What are the advantages and disadvantages of the two primary approaches to delivering air through underfloor plenums: (1) pressurized plenum, and (2) zero-pressure plenum?

In pressurized plenums, a central air handler delivers air through the plenum and into the space through passive grills/diffusers. Typical static pressures (relative to the occupied space) are quite low, falling in the range of 12.5 - 50 Pa (0.05 - 0.2 in. H2O). In zero-pressure plenums, air is delivered into the conditioned space through local fan-powered (active) supply outlets in combination with the central air handler. In practice, plenum design solutions often represent a hybrid approach in which both passive and active diffusers are used. Underfloor plenums have usually, although not always, been designed to be pressurized.

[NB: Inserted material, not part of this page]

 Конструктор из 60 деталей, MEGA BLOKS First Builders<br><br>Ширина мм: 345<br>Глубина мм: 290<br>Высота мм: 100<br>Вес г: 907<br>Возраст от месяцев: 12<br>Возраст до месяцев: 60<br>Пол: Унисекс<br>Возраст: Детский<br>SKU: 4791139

Pressurized plenum systems have been more prevalent in office buildings because of their simplicity, lower installation costs, and ease of operation and control. Many system designers and operators prefer to avoid the large number of small fan-driven outlets that are required for zero-pressure plenum systems. Although this approach has been very successful, there is evidence from some completed projects that uncontrolled air leakage from pressurized plenums can impair system performance. For example, leakage between underfloor control zones separated by sheet metal partitions (resulting from holes made in the partitions during changes in underfloor building services) is expected to increase over the lifetime of a building. Due to the relatively low pressure used in pressurized plenums, proponents of pressurized plenums claim that leakage into adjacent zones is minimal, and much of the leakage (through cracks between raised floor panels) will be into the same conditioned zone of the building. In addition the common practice of installing carpet tiles on top of the raised floor serves to reduce leakage from the plenum into the room. Leakage from pressurized plenums is a design issue that is still in need of further investigation.

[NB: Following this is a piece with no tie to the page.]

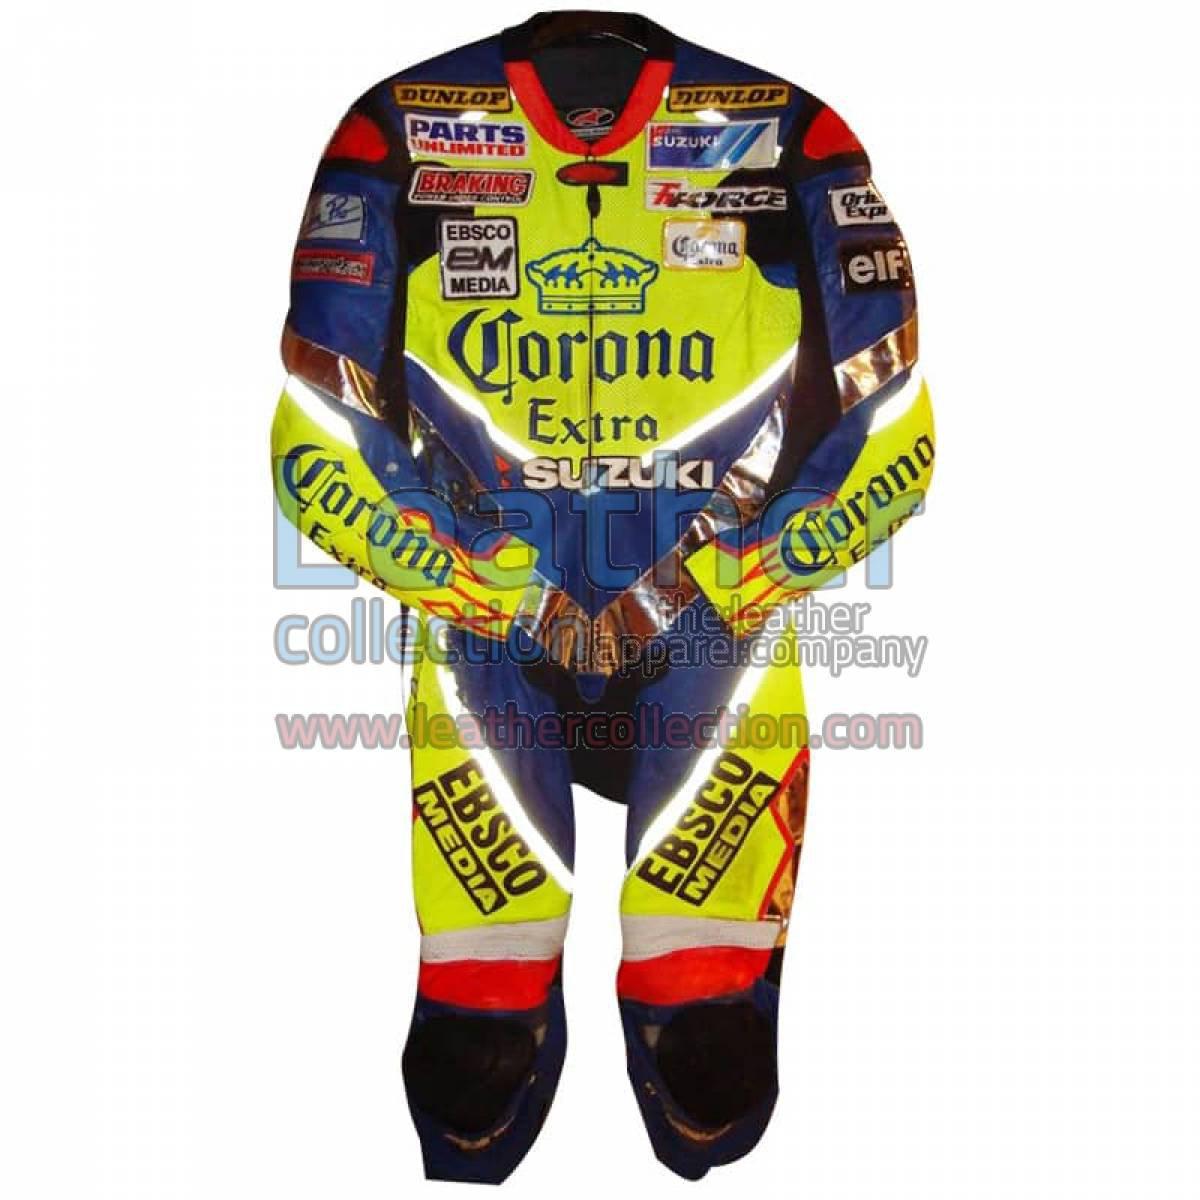 Anthony Gobert 2003 Corona Suzuki Leathers

In pressurized plenums with passive diffusers, if access floor panels are removed for long periods of time during repair and maintenance work, or if the distance between primary air inlets and supply diffusers is too great, control of the air flow will diminish.

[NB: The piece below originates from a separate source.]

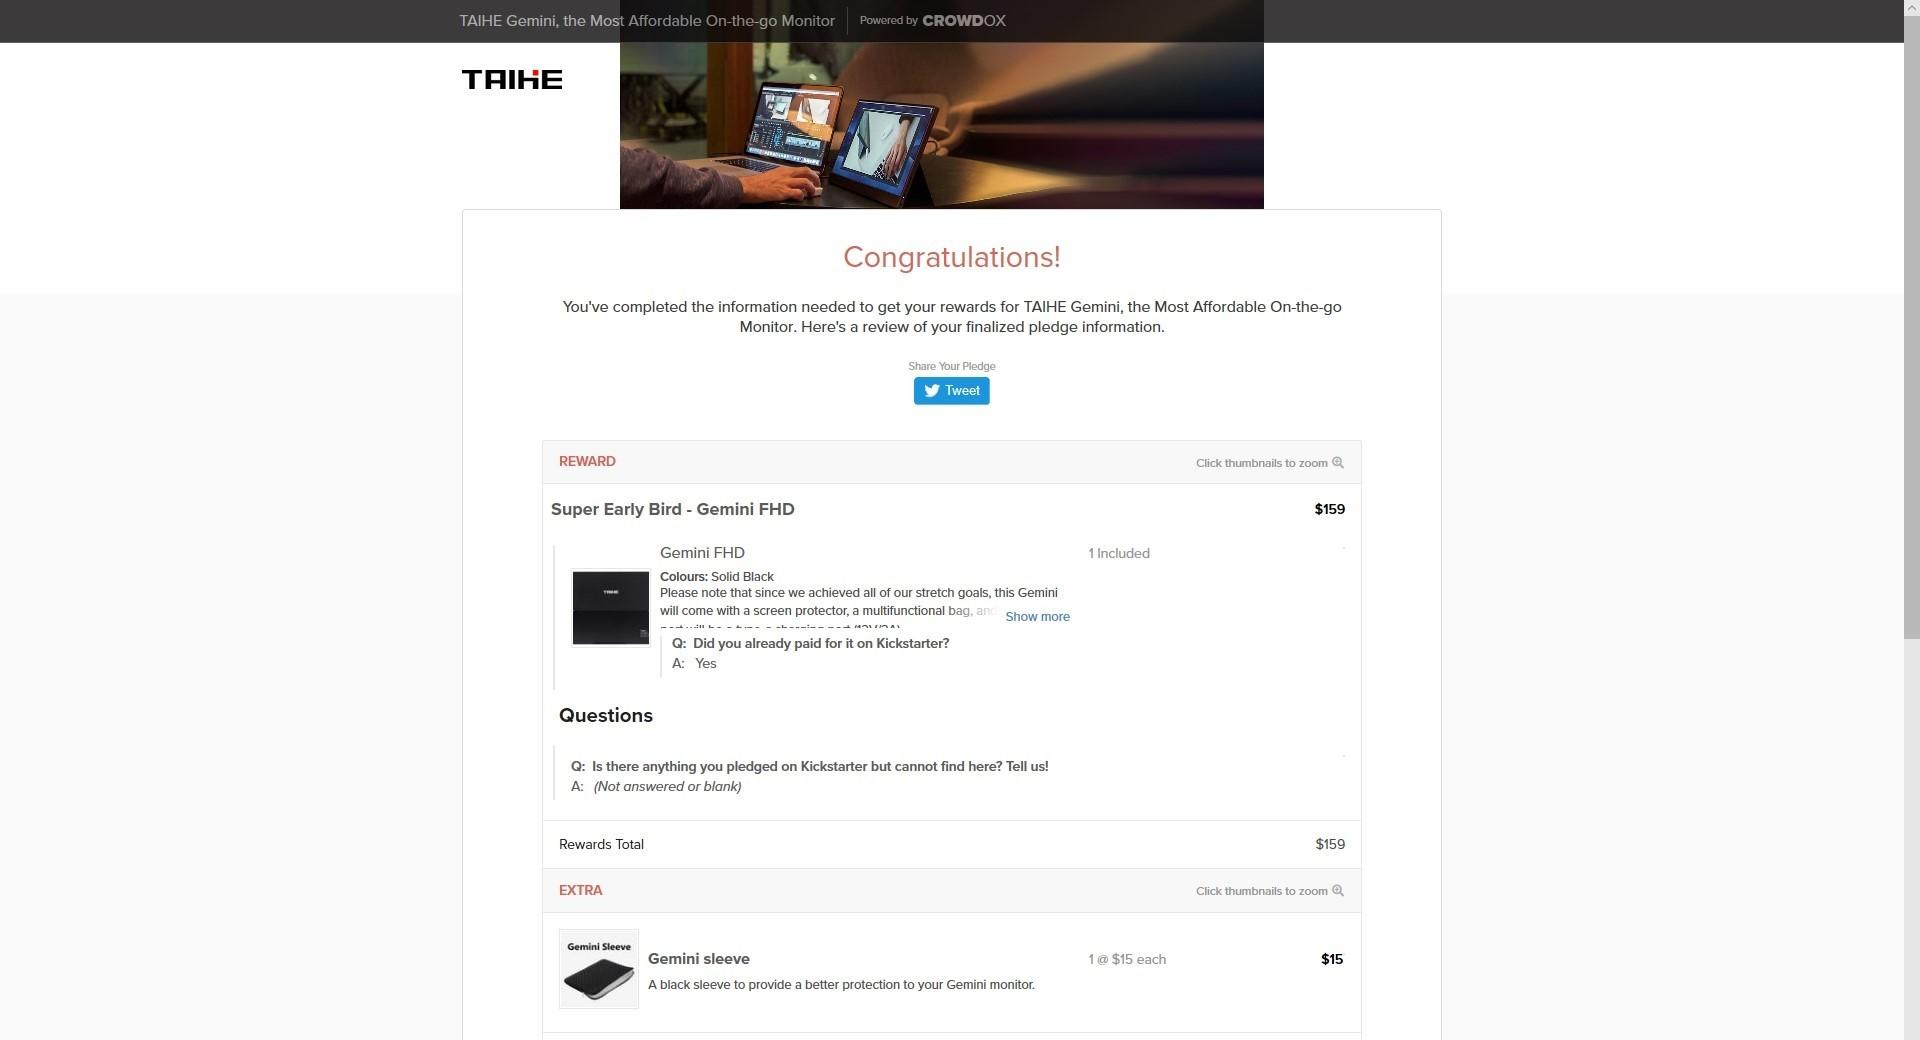 TAIHE Gemini - Step 10

In contrast to pressurized plenums, zero-pressure plenums pose no risk of uncontrolled air leakage to the conditioned space or adjacent zones. The removal of floor panels will not disrupt overall supply-air flow. Local fan-powered outlets typically allow individuals to control supply air conditions over a wider range than that allowed by a passive diffuser. Under thermostatic control, this increased controllability can also be used to handle zones with significantly different and rapidly changing thermal loads (e.g., perimeter zones). The major disadvantage of zero-pressure plenum systems is the perceived added cost, energy use, and complexity of using a large number of small fan-powered units. As more experience with zero-pressure systems is obtained, the tradeoff between improved performance vs. increased costs can be more accurately evaluated.

Both pressurized and zero-pressure systems offer the same level of flexibility (due to the raised floor) and most of the same energy-savings benefits associated with underfloor air distribution.

What fire safety precautions must be taken in UFAD systems?

The combustibility of cabling (power, data, communication) contained in supply air plenums in underfloor air distribution systems is an important consideration. In gen­eral, applicable codes state that placing wires and cables in an air supply plenum is not a problem as long as they are contained in conduit, or are rated to be non-com­bustible. If not, the installation of sprinklers in the underfloor plenum may be required.

Local fire codes often place restrictions on the size of open supply air plenums without any smoke breaks in the form of partitions separating the plenum into smaller zones. Typically, these fire codes limit the total area (e.g., less than 280 m2 [3,000 ft2]) and horizontal dimension in one direction (e.g., less than 9 m [30 ft]) of an unobstructed underfloor air supply plenum. During installation, it is important to ensure plenums are adequately sealed at junctions where a raised access floor meets a standard floor finish.

Although advisable to avoid the use of sprinklers if at all possible, where sprinklers have been installed, the slope of the underfloor slab should be sufficient to drain water at a rate at least equivalent to that of sprinkler and fire-hose delivery. Most access floor panels currently on the market meet fire-rating requirements. With respect to core materials, lightweight concrete filled panels have good non-combustible characteristics and many high-density particleboards typically carry a Class A fire rating.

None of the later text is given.